**WHAT THE TASK ASKS**
Leave the images aside and repeat the whole listing exactly.

**RAW DATA**
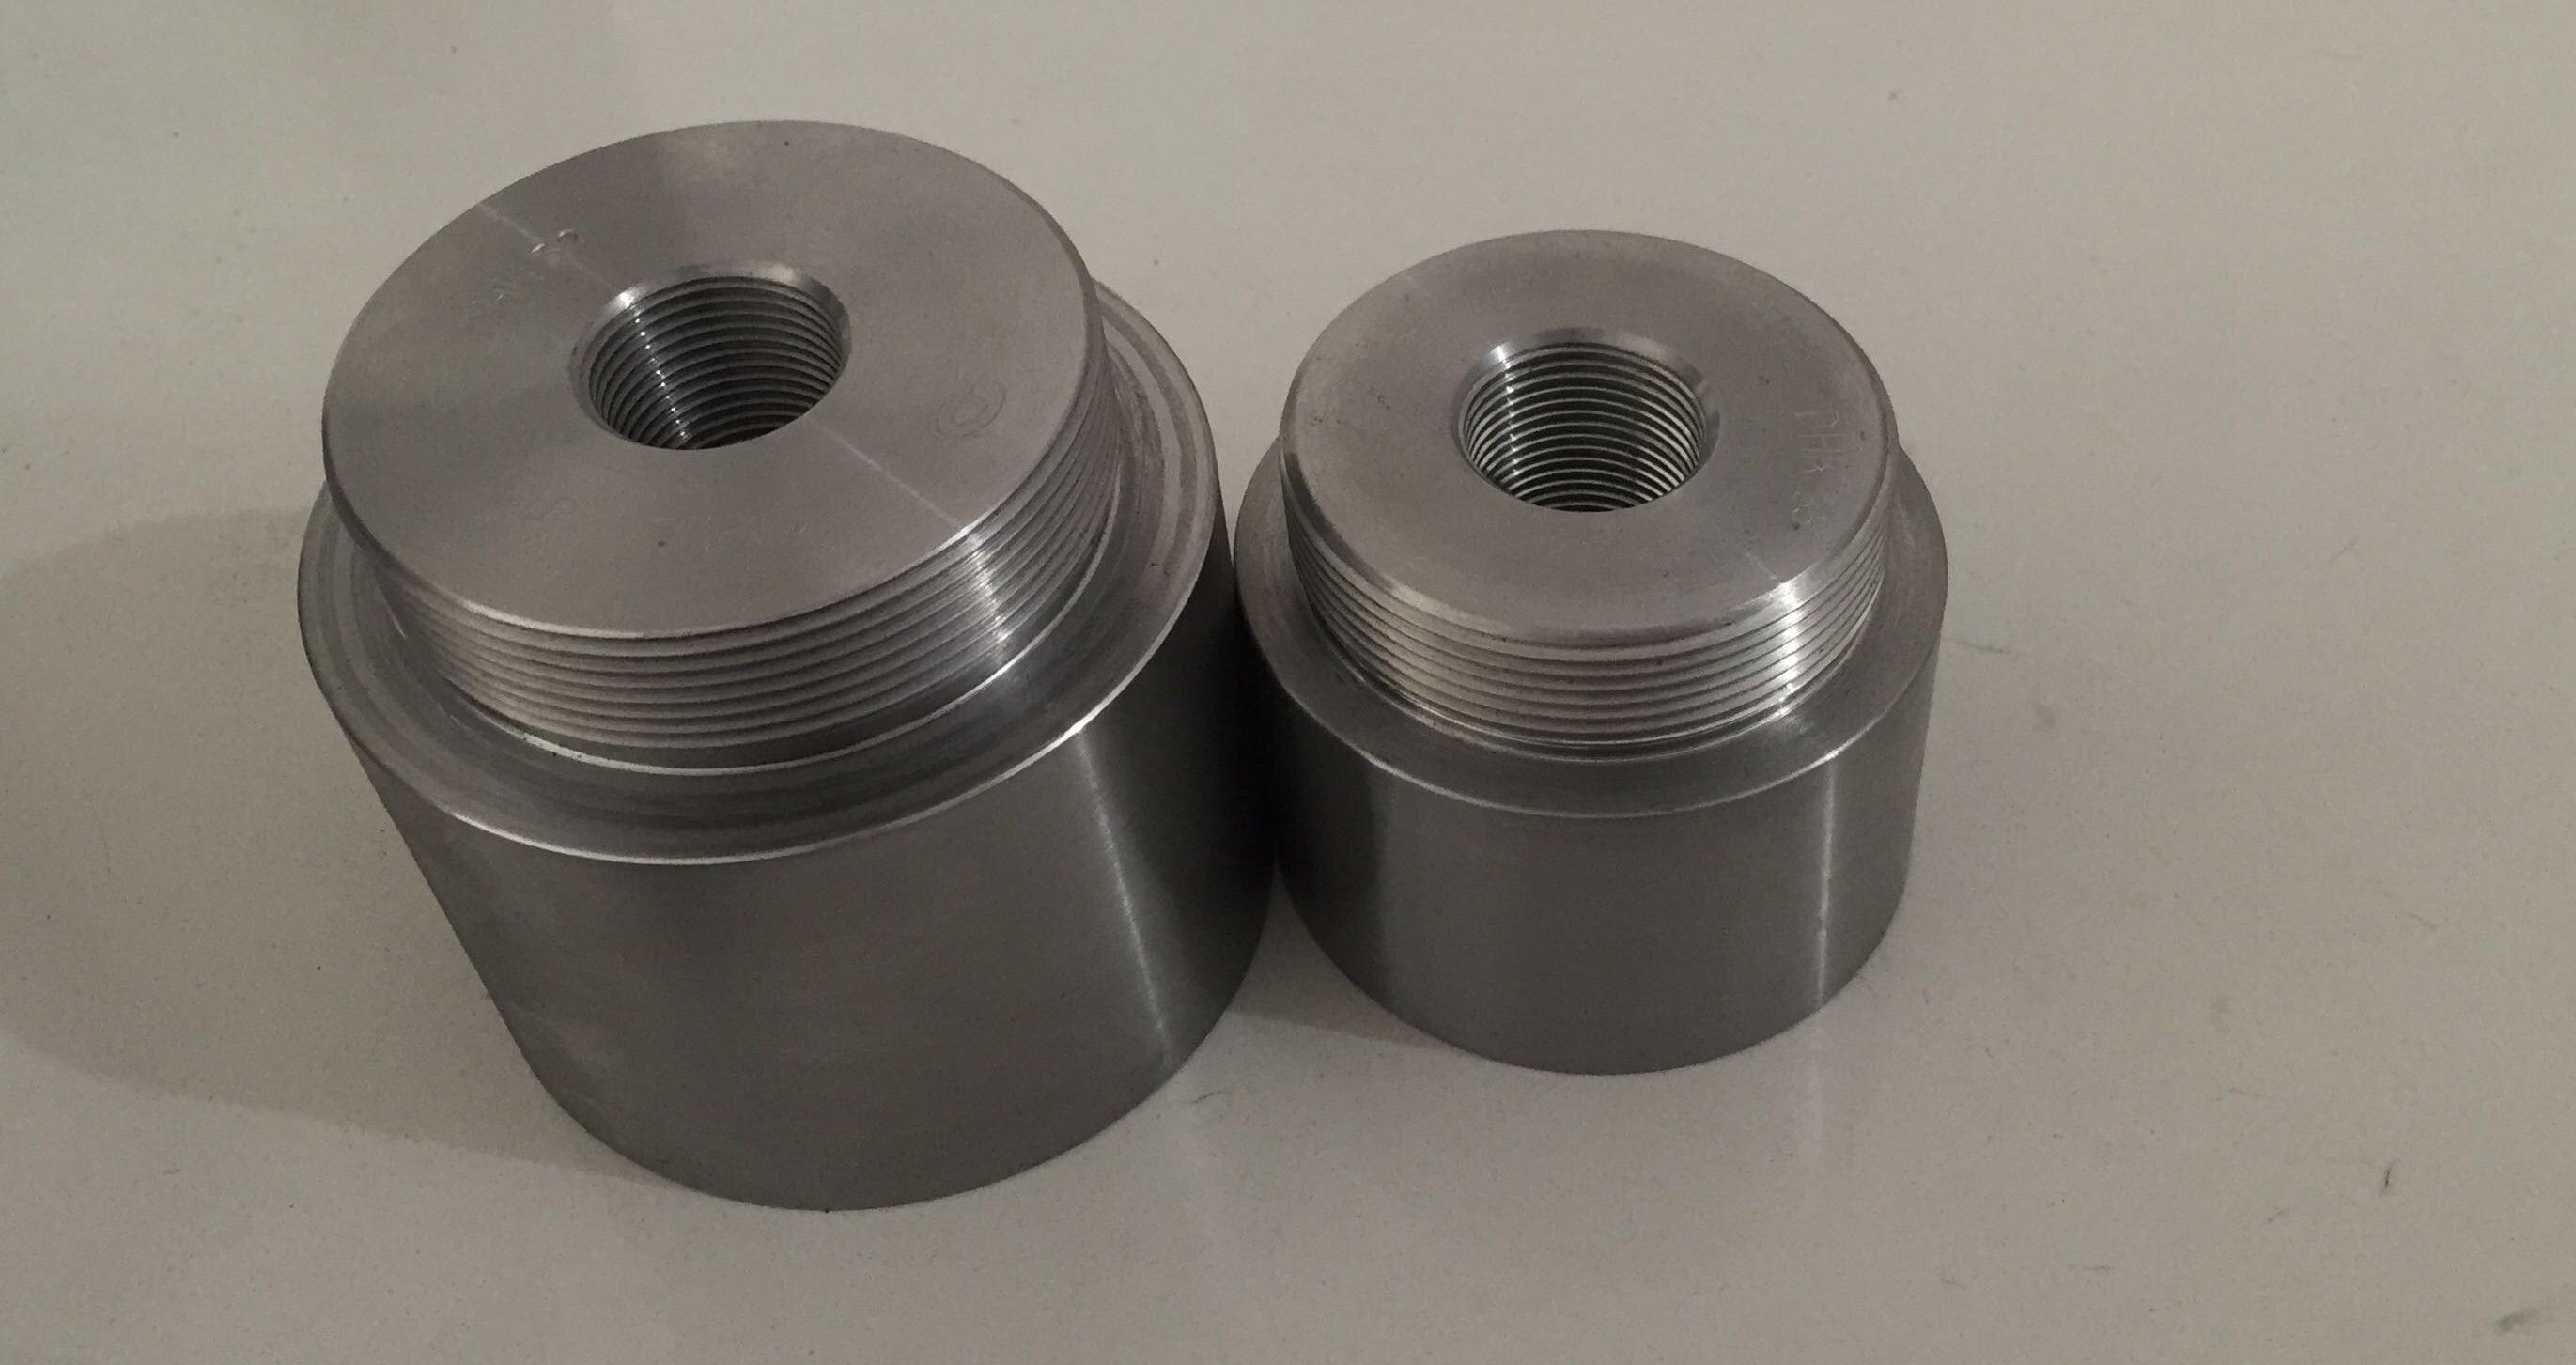 Couplings and threaded fittings
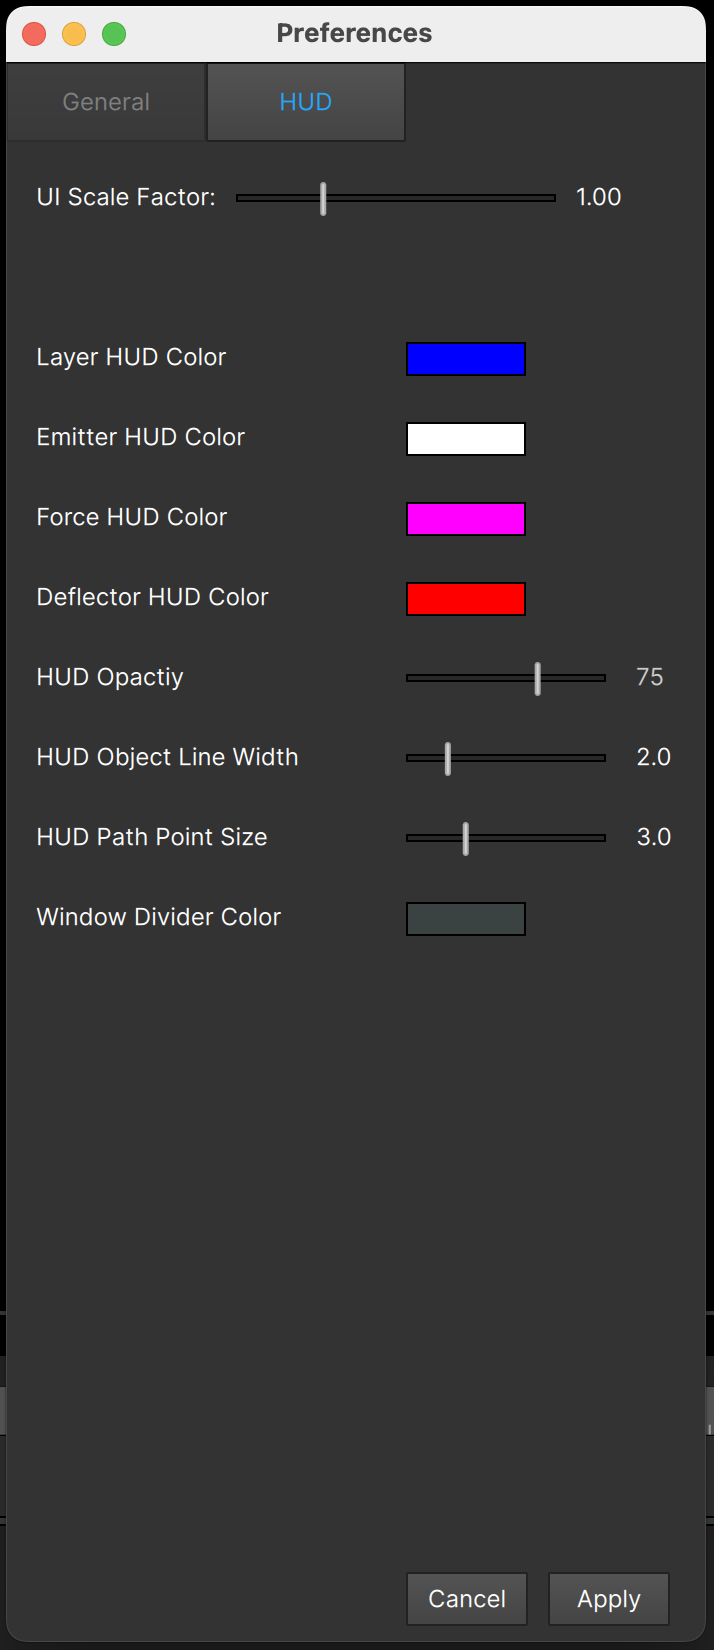 Heads Up Display Preferences
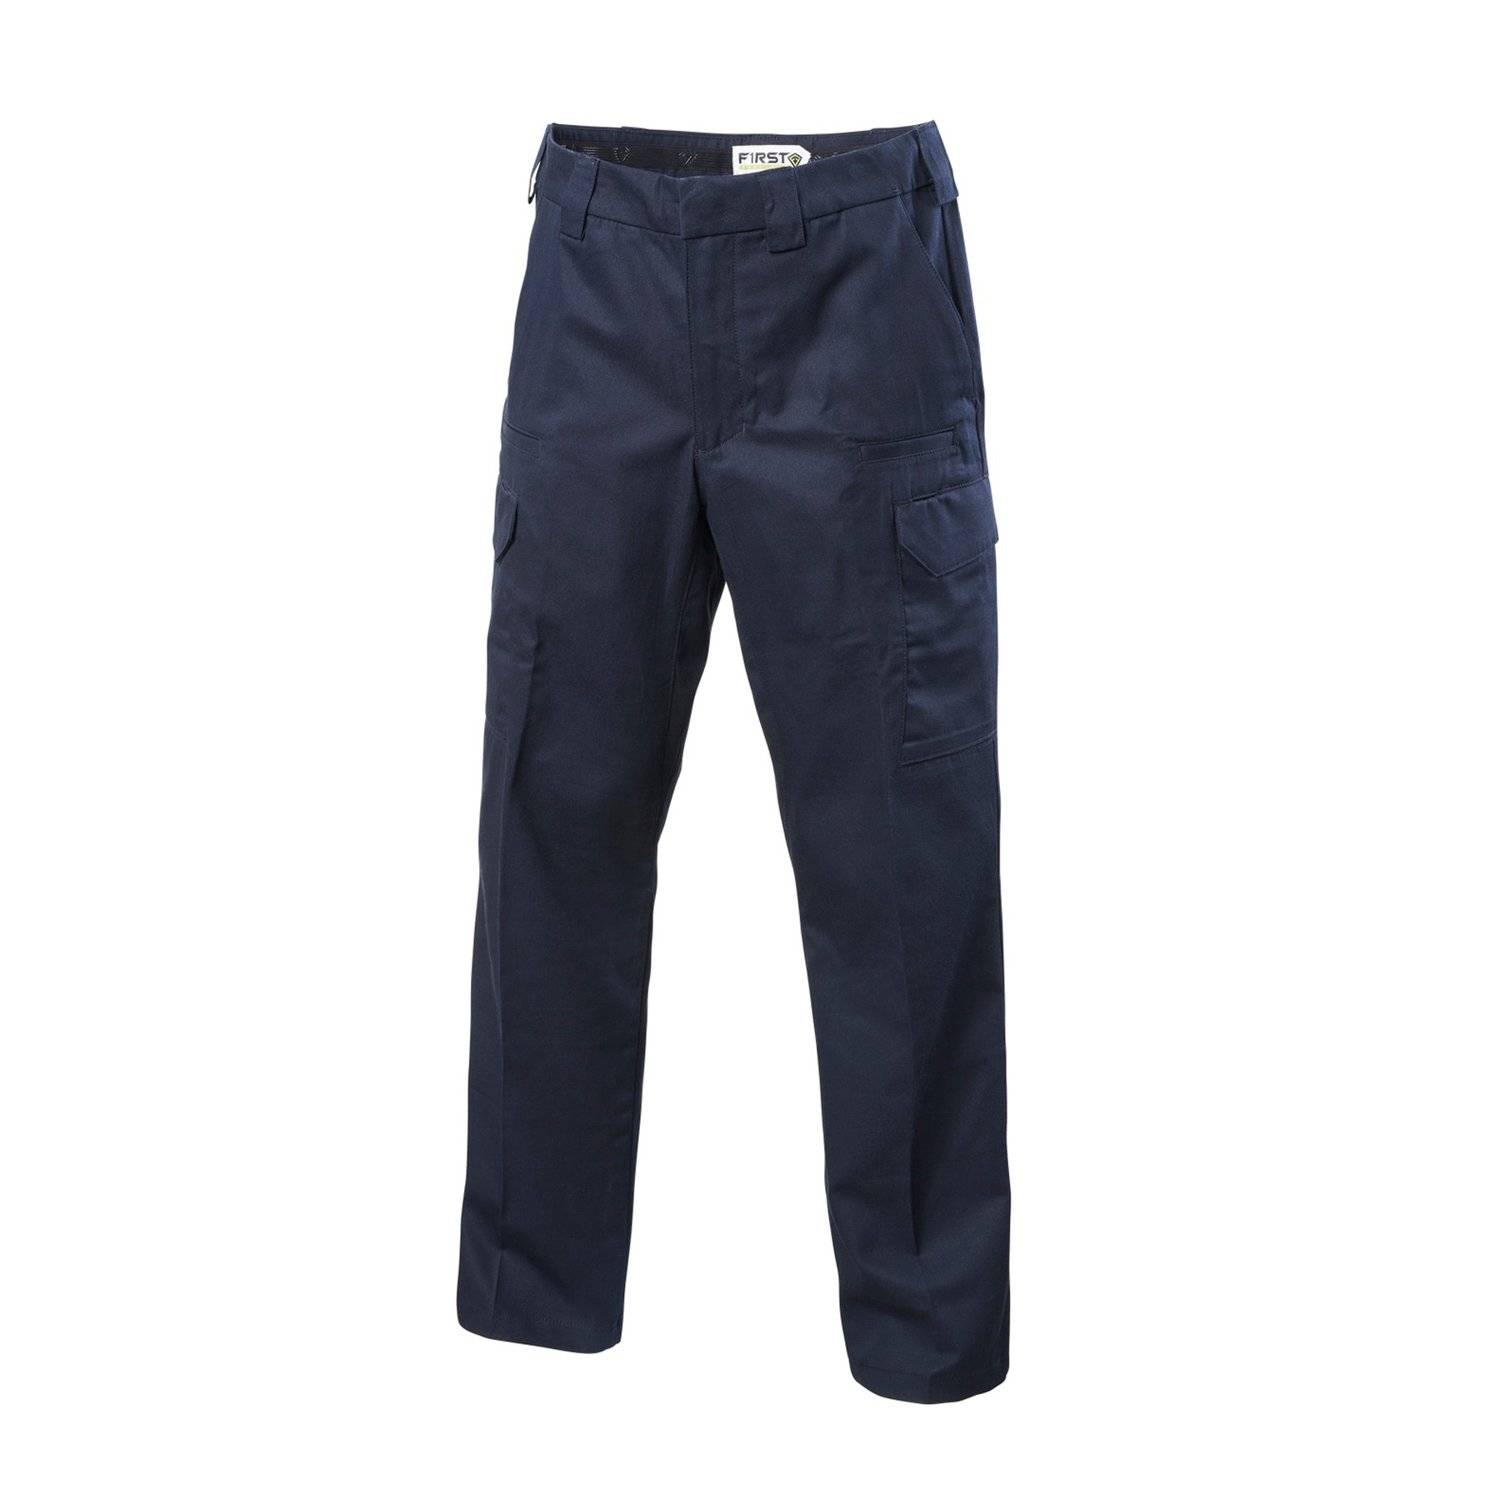 First Tactical Men's Cotton Cargo Station Pants
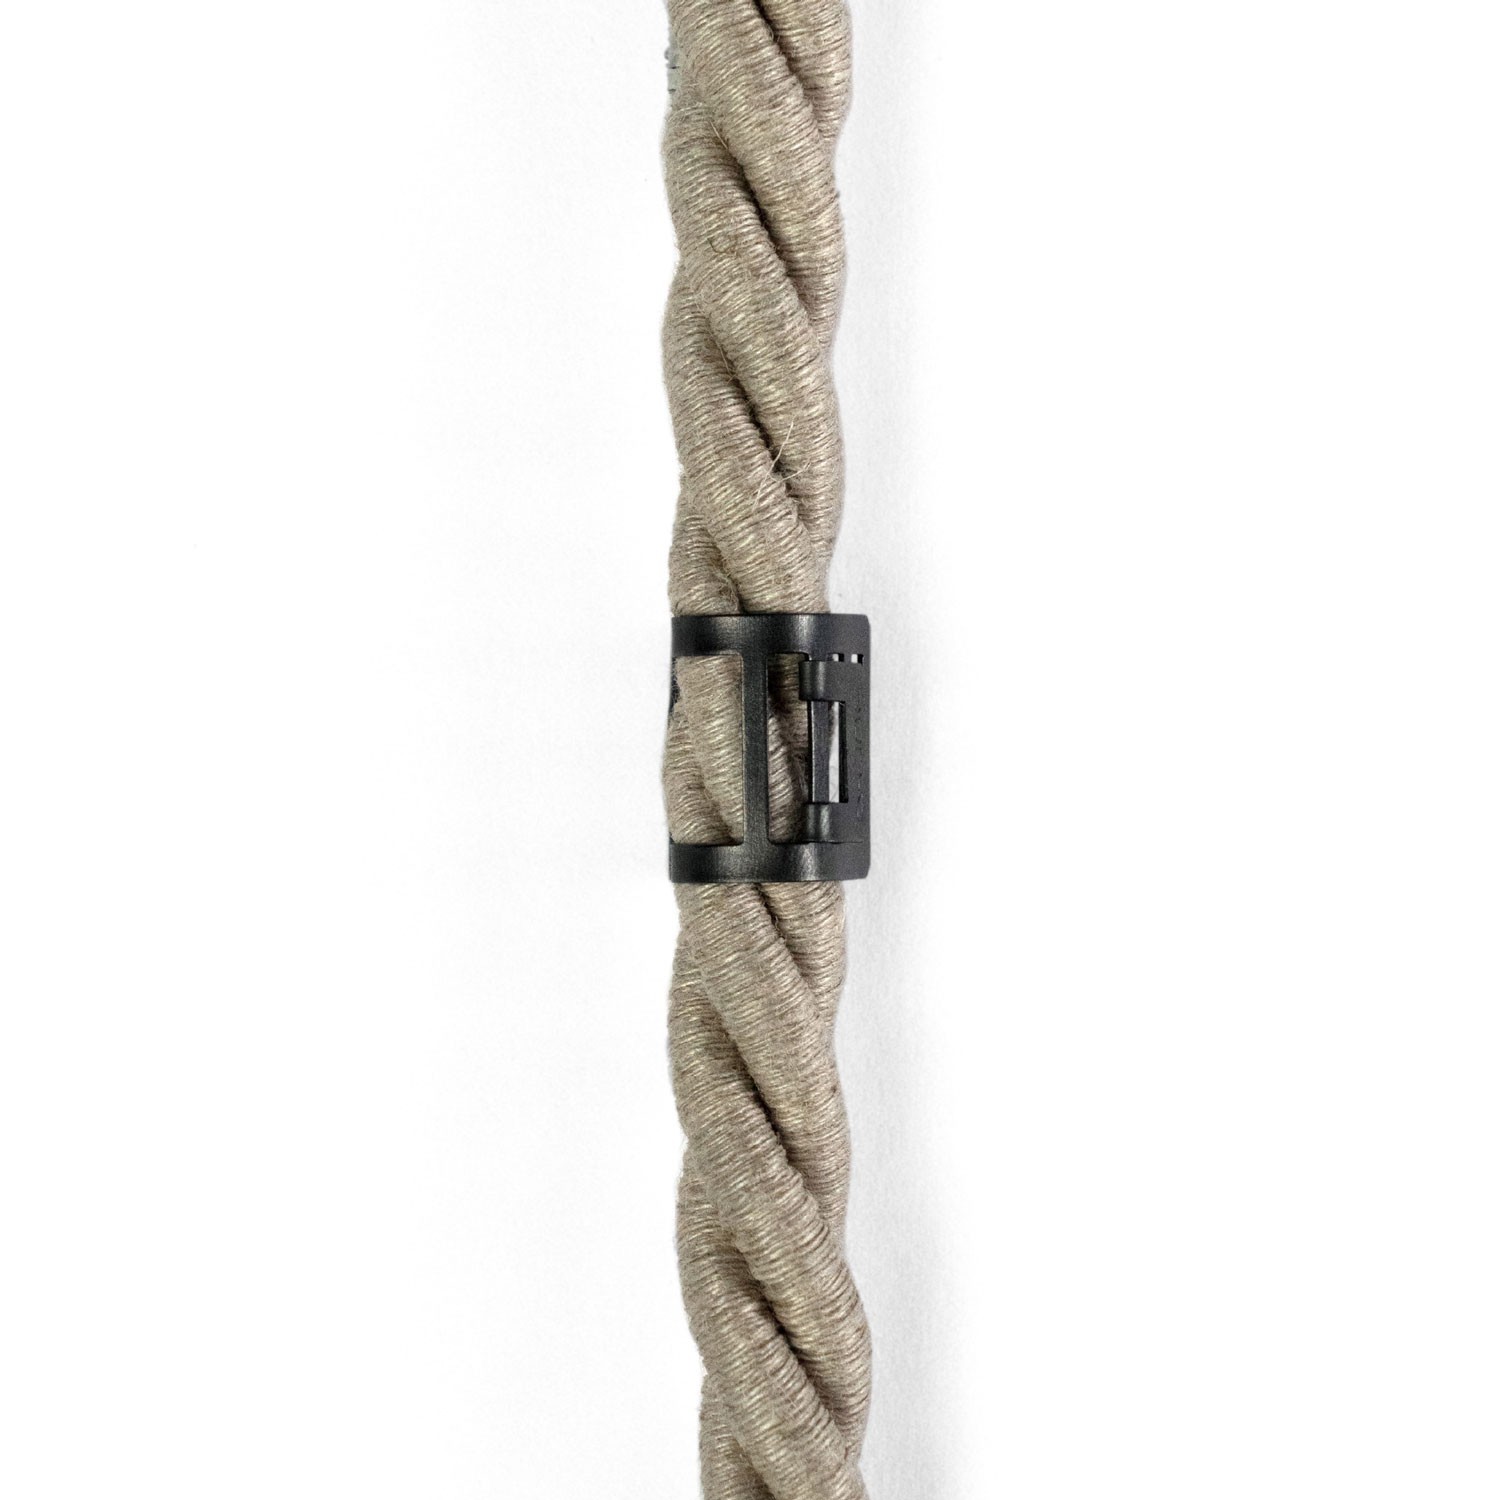 Metal cable tie clip for 16 mm diameter rope cable

**SOLUTION BELOW**
 Couplings and threaded fittings
 Heads Up Display Preferences
 First Tactical Men's Cotton Cargo Station Pants
 Metal cable tie clip for 16 mm diameter rope cable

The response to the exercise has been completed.